PLANADVISER: Why do you feel that retirement plan advisers should get involved in the expansion of the DC retirement plan system to cover more employers and, in doing so, more employees?

DeAndrea: First and foremost, retirement plan advisers should get involved in the expansion of the DC retirement plan system because it’s the right thing to do. In Pennsylvania alone, nearly 2 million workers currently do not have access to a workplace retirement program. Approximately 40% of American companies do not offer retirement plans to their employees. A significant portion of that 40% are small to medium-sized businesses with fewer than 100 employees. For the most part, retirement plan advisers are targeting that same 60% of businesses that already offer a retirement to meet business development goals. This is being done because more revenue will be generated by targeting plans already with assets, but I believe it’s a huge disservice to forget about everyone else. If we do not come together as an industry and do a better job to close the coverage gap there is the chance that a federally run program will be put in place where the government is making the match on behalf of the employers. What an employer would not want to offload that cost to the government? However, this offering will most likely be a one-size-fits-all solution. How would education be handled? Who is helping measure the success of the plan and how it impacts the business as a whole?

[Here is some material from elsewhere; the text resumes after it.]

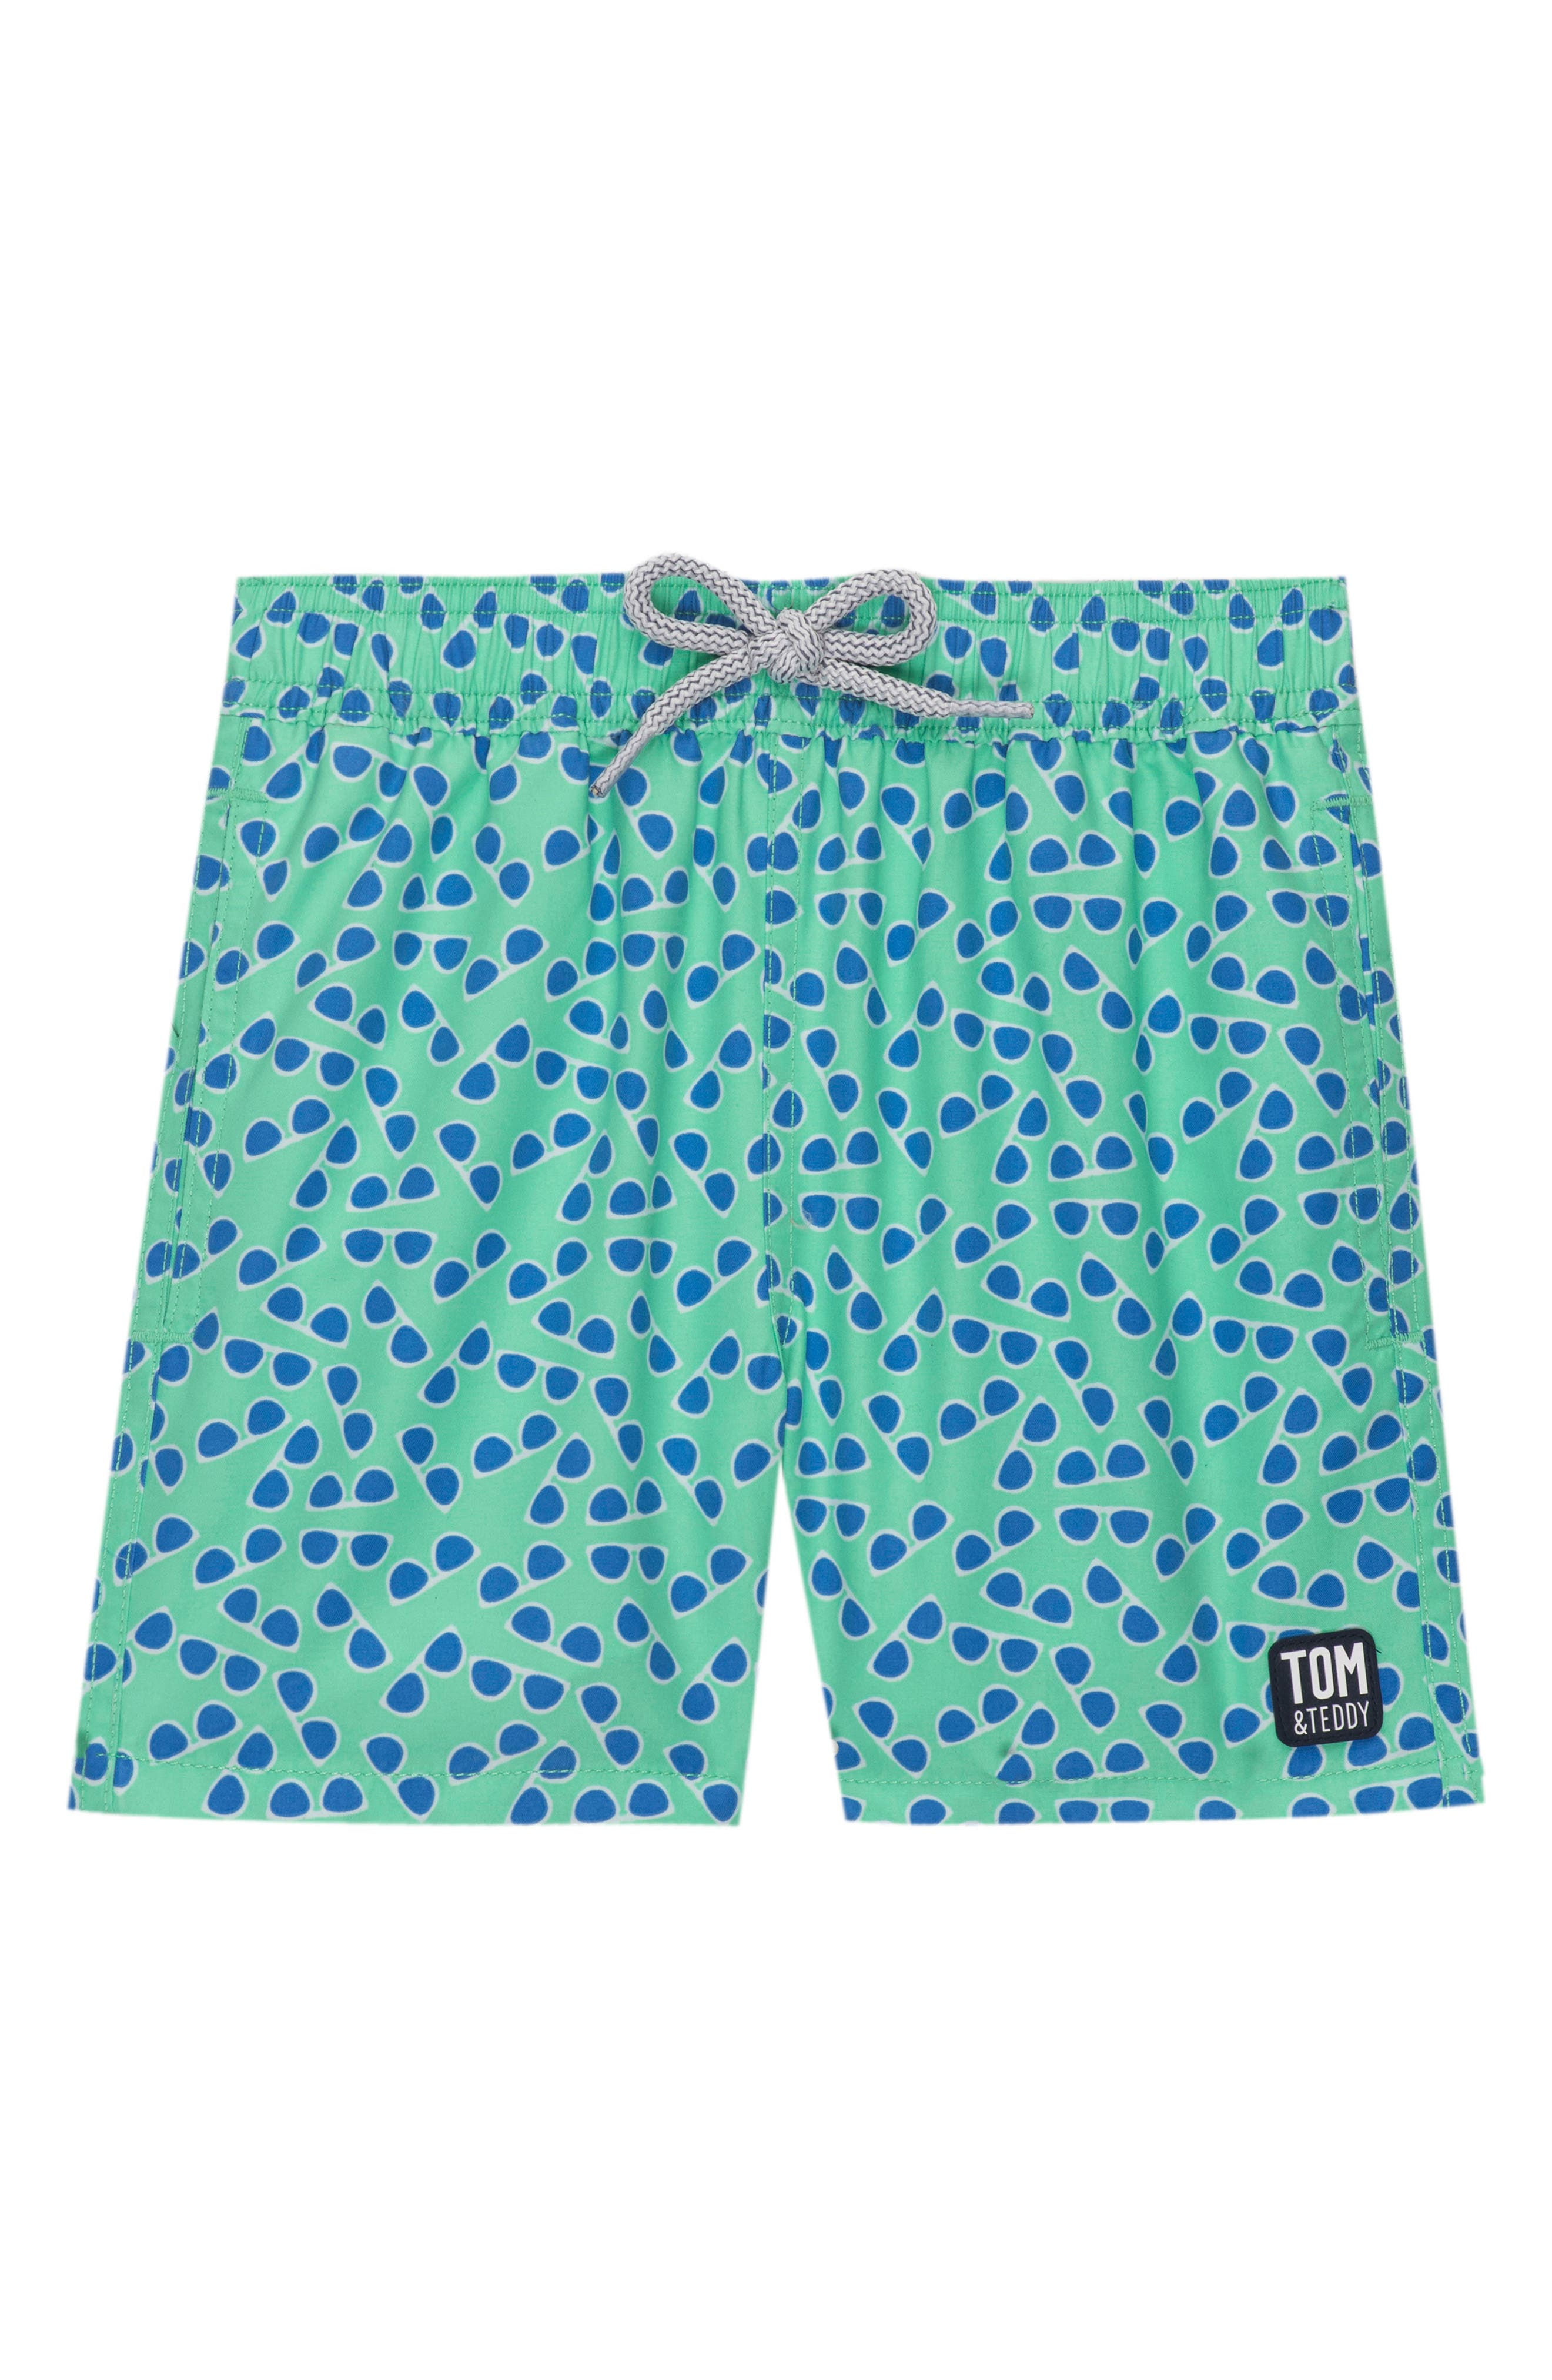 Tom & Teddy Sunglasses Print Swim Trunks (Toddler Boys, Little Boys & Big Boys)

I believe private sector advisers add much more value to businesses in this space, but all of that could be for nothing if we cannot get better in the start-up/micro plan space.


PLANADVISER: What are the biggest stumbling blocks to adding more tax-advantaged retirement savings opportunities in the workforce? What are you doing to try and overcome them?

DeAndrea: I believe the main stumbling blocks to adding more tax-advantaged retirement plans have been evident for awhile, which is why the SECURE Act 2.0 included several provisions to help address the barriers. Outside of cost, some of the other barriers to offering an employer-sponsored retirement plans are the administration of the plan, potential liability, the time associated with running the plan, compliance testing, audits, etc. As a retirement plan specialist, I simply make these businesses aware that at some point soon they may be required to offer a plan and they’ll have to understand retirement plan legislation, industry trends, discuss investments and education, and they may not have a say in who is running the show. When speaking with a potential start-up opportunity I can demonstrate Webber Advisors value by being able to essentially remove all their concerns they had about starting a retirement plan. I’ve taken it upon myself to become an expert in the micro-startup plan space, which is why our team created a “start-up/small market solution” utilizing our in-house TPA and investment fiduciary services. As long as we partner with a good recordkeeper our team can essentially take most of the work off of the plan sponsor’s plate. With the available tax credits through SECURE Act 2.0, the associated costs are eliminated or minimized. I also help a business realize the potential long-term costs to the company if they do not offer a plan and employees cannot retire.